=== Begin Enclosure ===

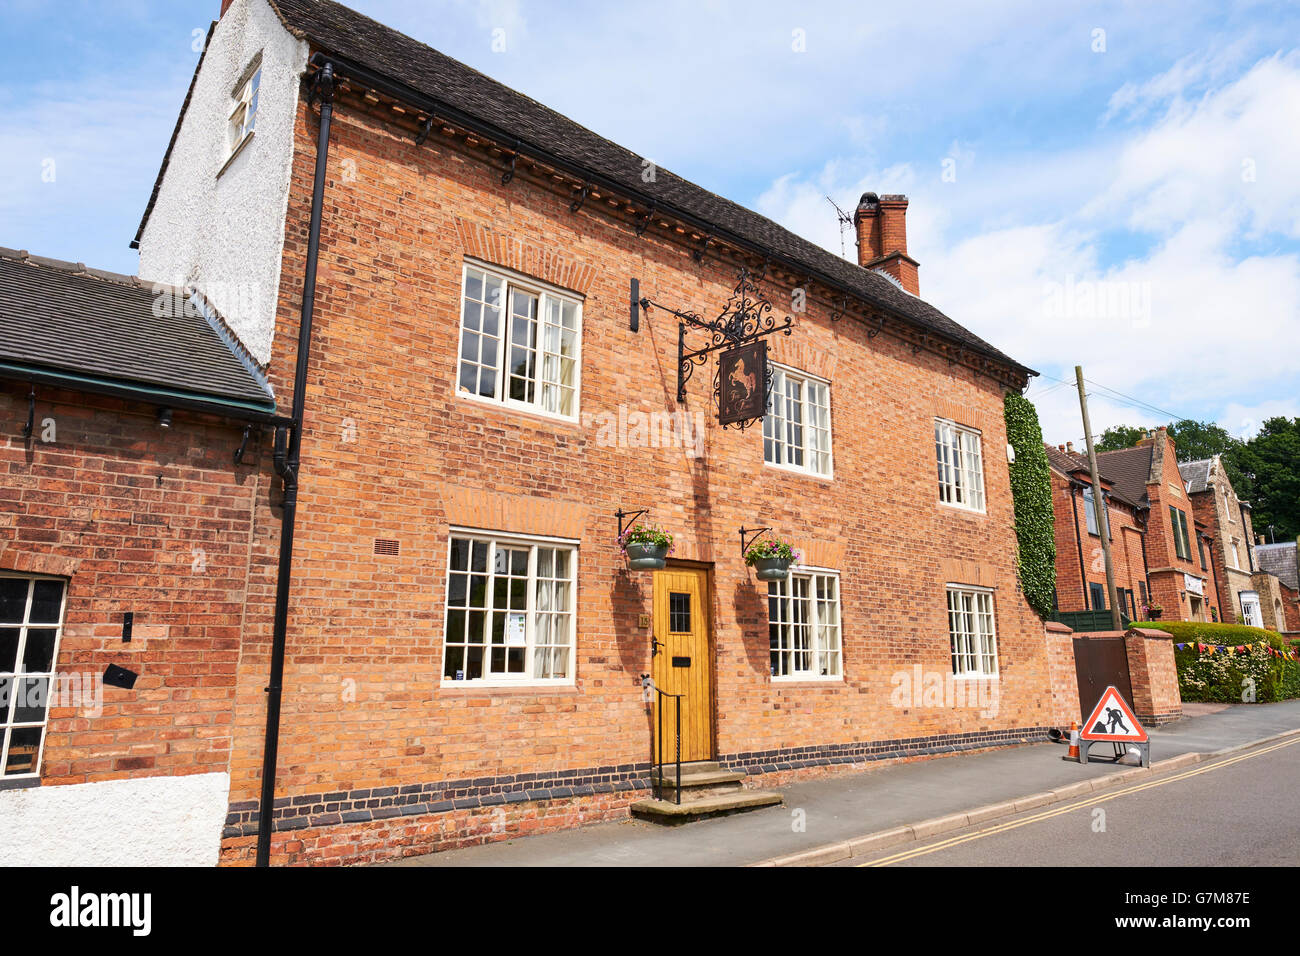 The Old Forge Park Street Market Bosworth Leicestershire UK Stock Photo
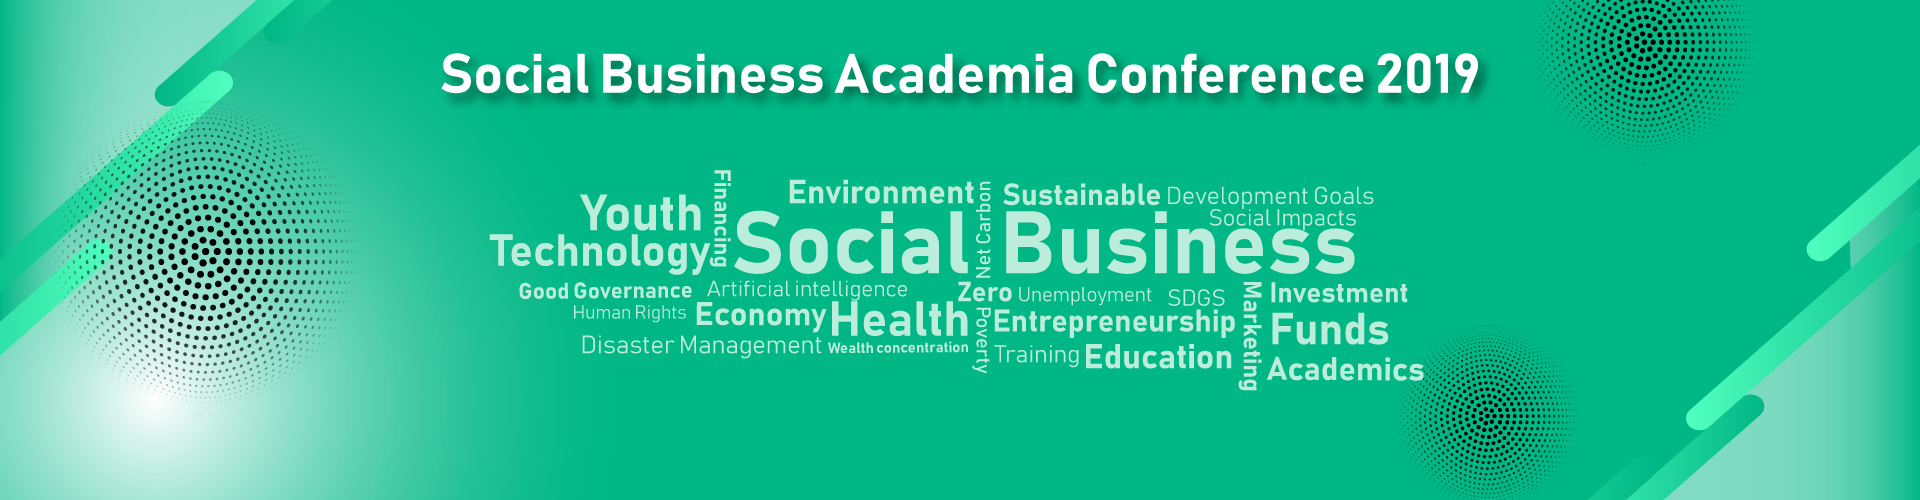 Social Business Academia Conference
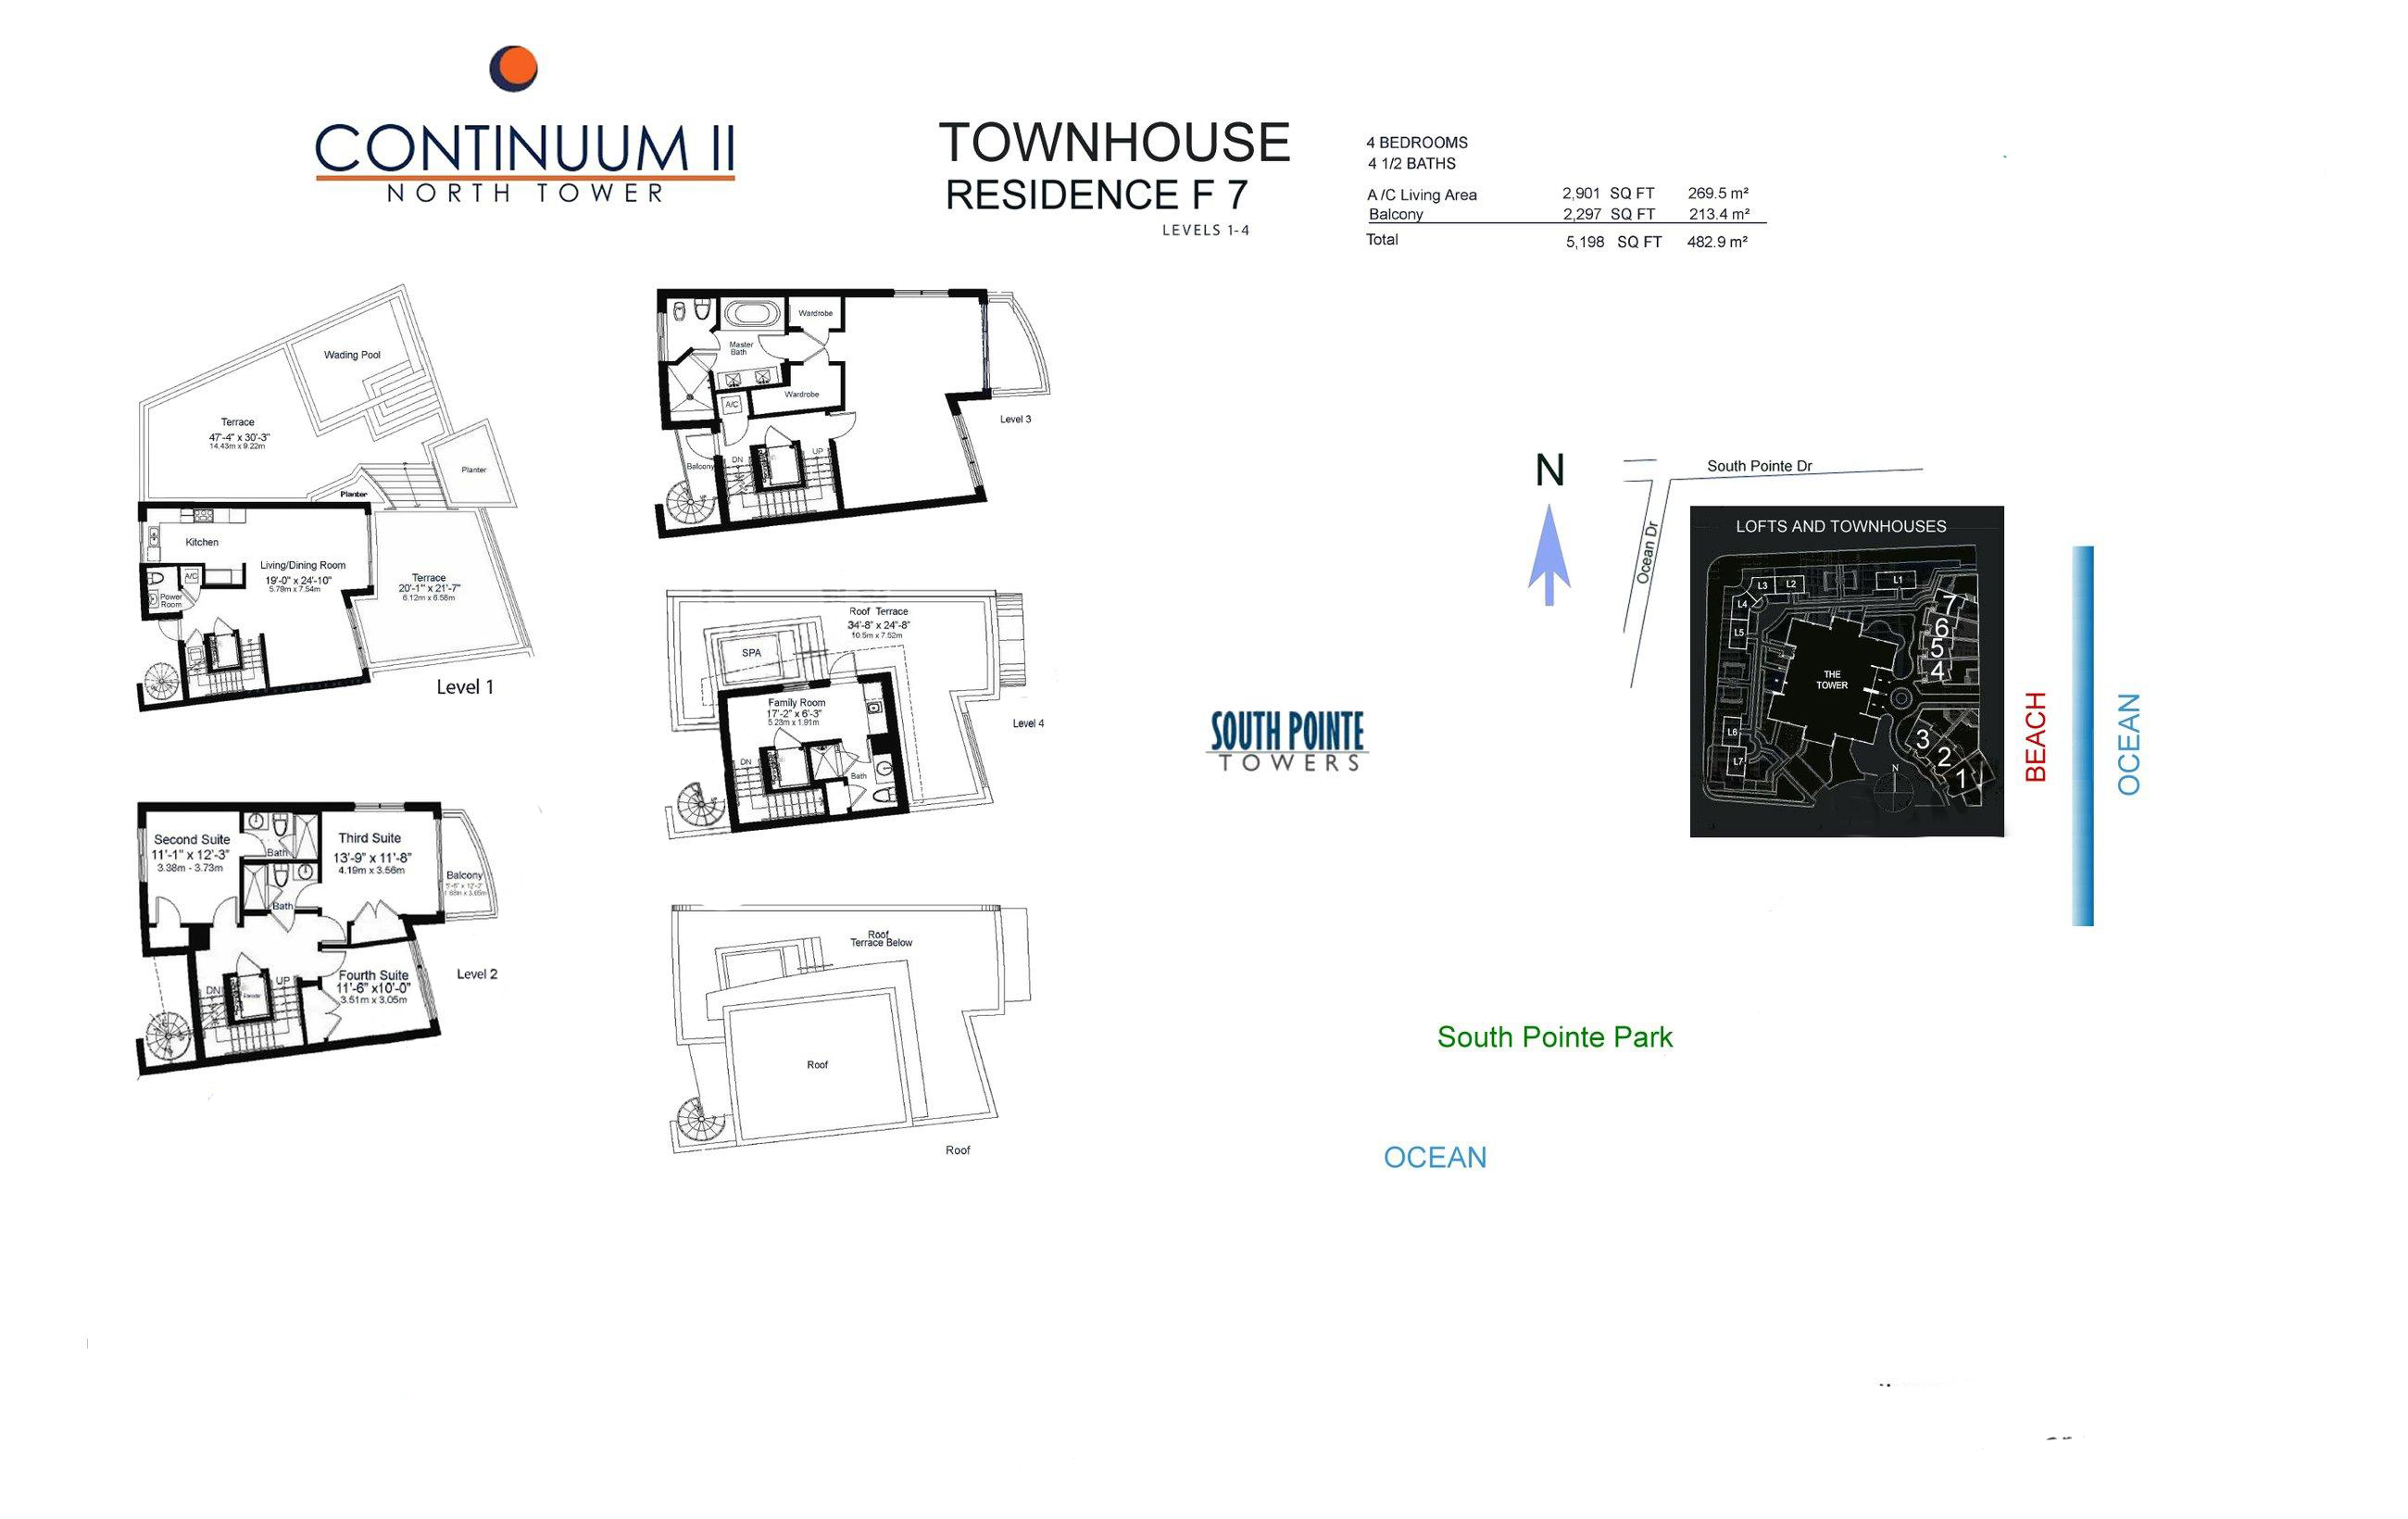 Continuum North Tower Townhouse Residence F7

=== End Enclosure ===

Your objective —
Each line above should be set down exactly as written, with pictures excluded.

Answer for the task —
 The Old Forge Park Street Market Bosworth Leicestershire UK Stock Photo
 Social Business Academia Conference
 Continuum North Tower Townhouse Residence F7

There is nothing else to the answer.